Thompson M J, Goldstein R A
Biophysics Research Division, University of Michigan, Ann Arbor 48109-1055, USA.
Proteins. 1996 May;25(1):28-37. doi: 10.1002/(SICI)1097-0134(199605)25:1<28::AID-PROT3>3.0.CO;2-G.
Using an information theoretic formalism, we optimize classes of amino acid substitution to be maximally indicative of local protein structure. Our statistically-derived classes are loosely identifiable with the heuristic constructions found in previously published work. However, while these other methods provide a more rigid idealization of physicochemically constrained residue substitution, our classes provide substantially more structural information with many fewer parameters. Moreover, these substitution classes are consistent with the paradigmatic view of the sequence-to-structure relationship in globular proteins which holds that the three-dimensional architecture is predominantly determined by the arrangement of hydrophobic and polar side chains with weak constraints on the actual amino acid identities. More specific constraints are imposed on the placement of prolines, glycines, and the charged residues. These substitution classes have been used in highly accurate predictions of residue solvent accessibility. They could also be used in the identification of homologous proteins, the construction and refinement of multiple sequence alignments, and as a means of condensing and codifying the information in multiple sequence alignments for secondary structure prediction and tertiary fold recognition.

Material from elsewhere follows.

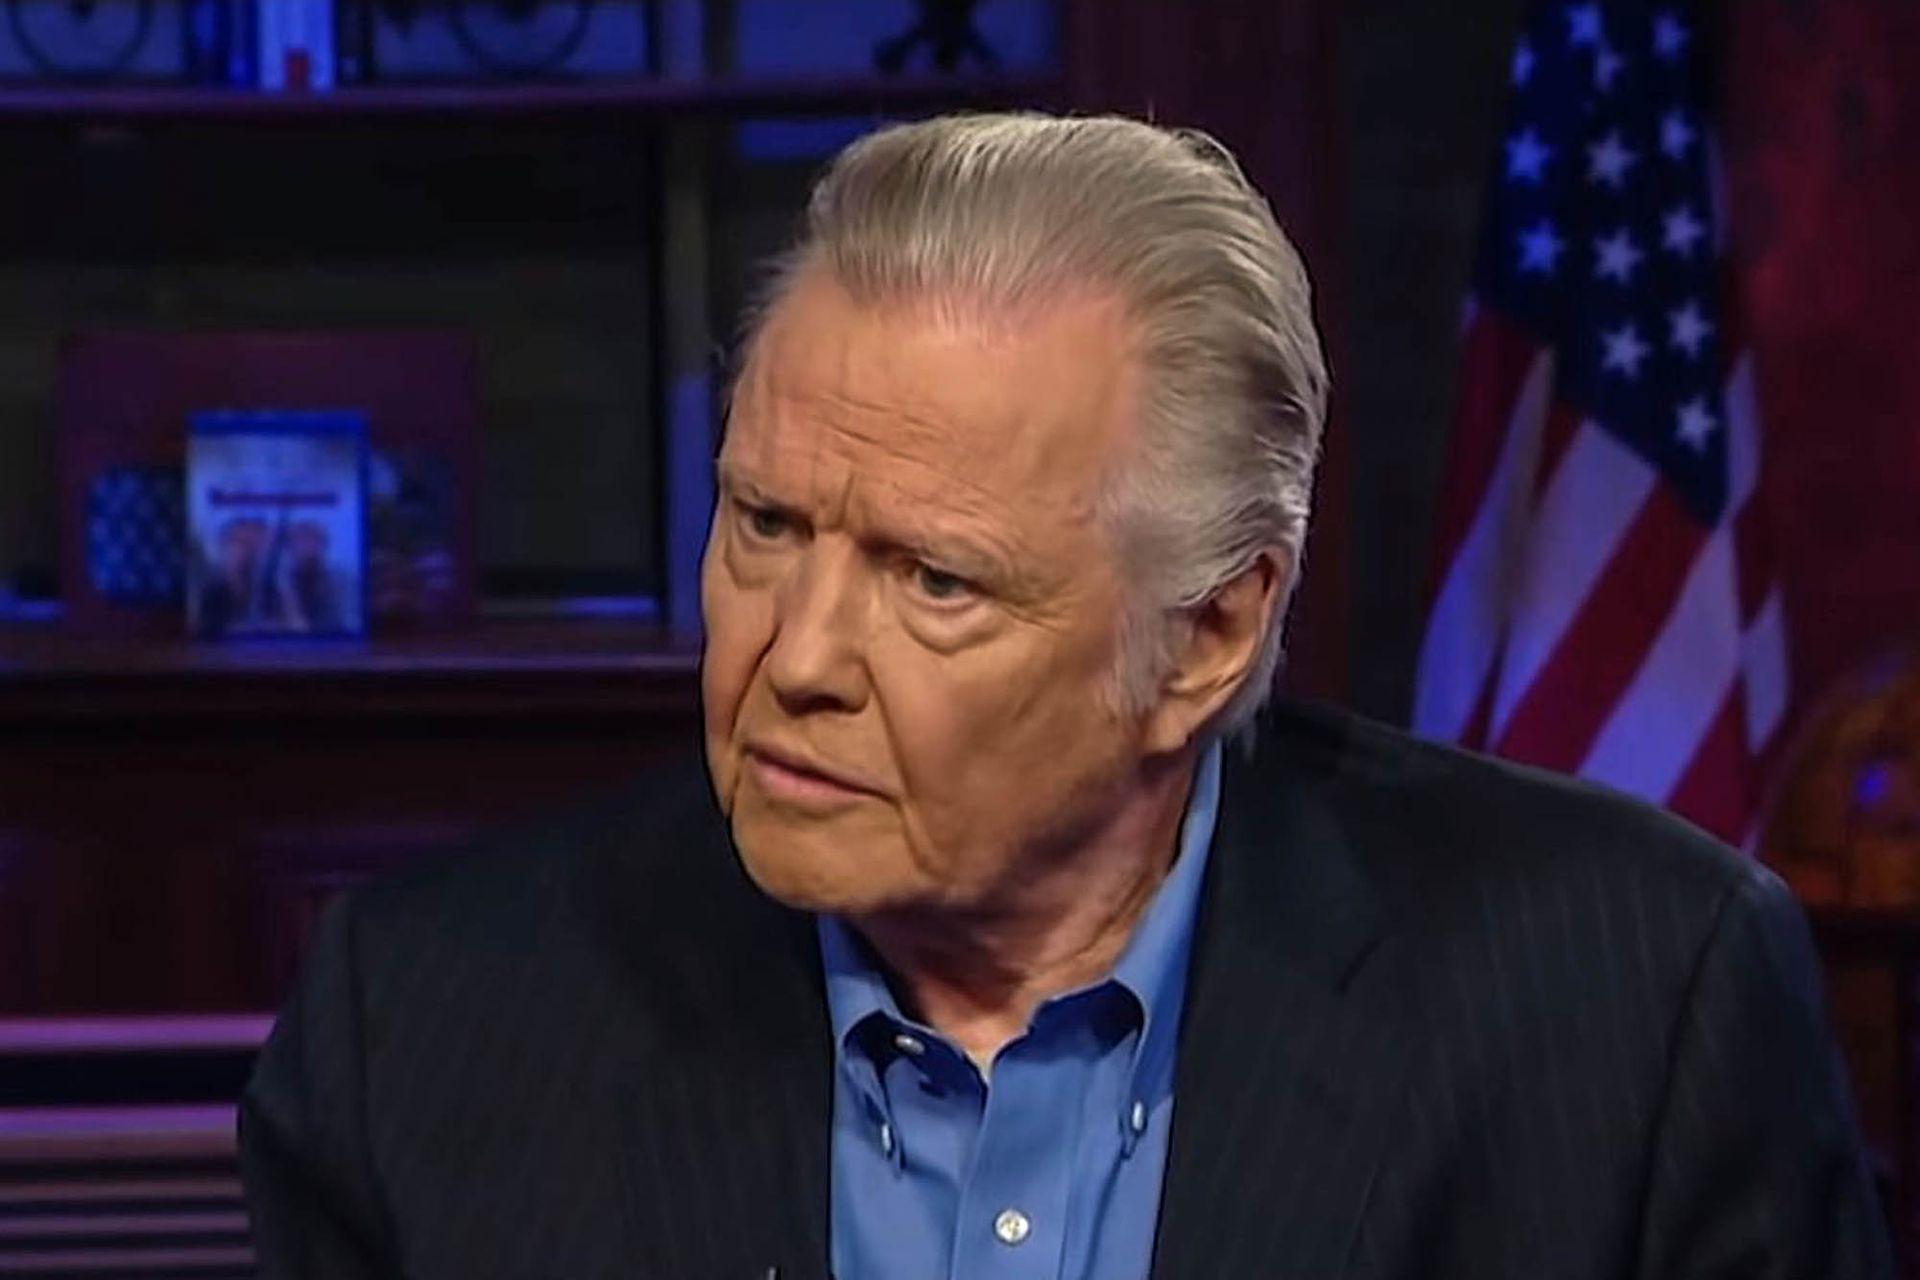 Jon Voight afirmó en la cadena oficialista Fox News que Trump era el mejor presidente desde Lincoln

我们使用信息论形式体系,优化氨基酸替换类别,使其能最大程度地指示局部蛋白质结构。我们通过统计得出的类别与先前发表的工作中所发现的启发式结构大致可识别。然而,虽然其他方法对物理化学约束的残基替换提供了更严格的理想化,但我们的类别用少得多的参数提供了实质上更多的结构信息。此外,这些替换类别与球状蛋白质中序列与结构关系的范式观点一致,该观点认为三维结构主要由疏水和极性侧链的排列决定,而对实际氨基酸身份的约束较弱。脯氨酸、甘氨酸和带电荷残基的位置受到更具体的约束。这些替换类别已用于残基溶剂可及性的高精度预测。它们还可用于同源蛋白质的鉴定、多序列比对的构建和优化,以及作为浓缩和编码多序列比对中的信息以进行二级结构预测和三级折叠识别的一种手段。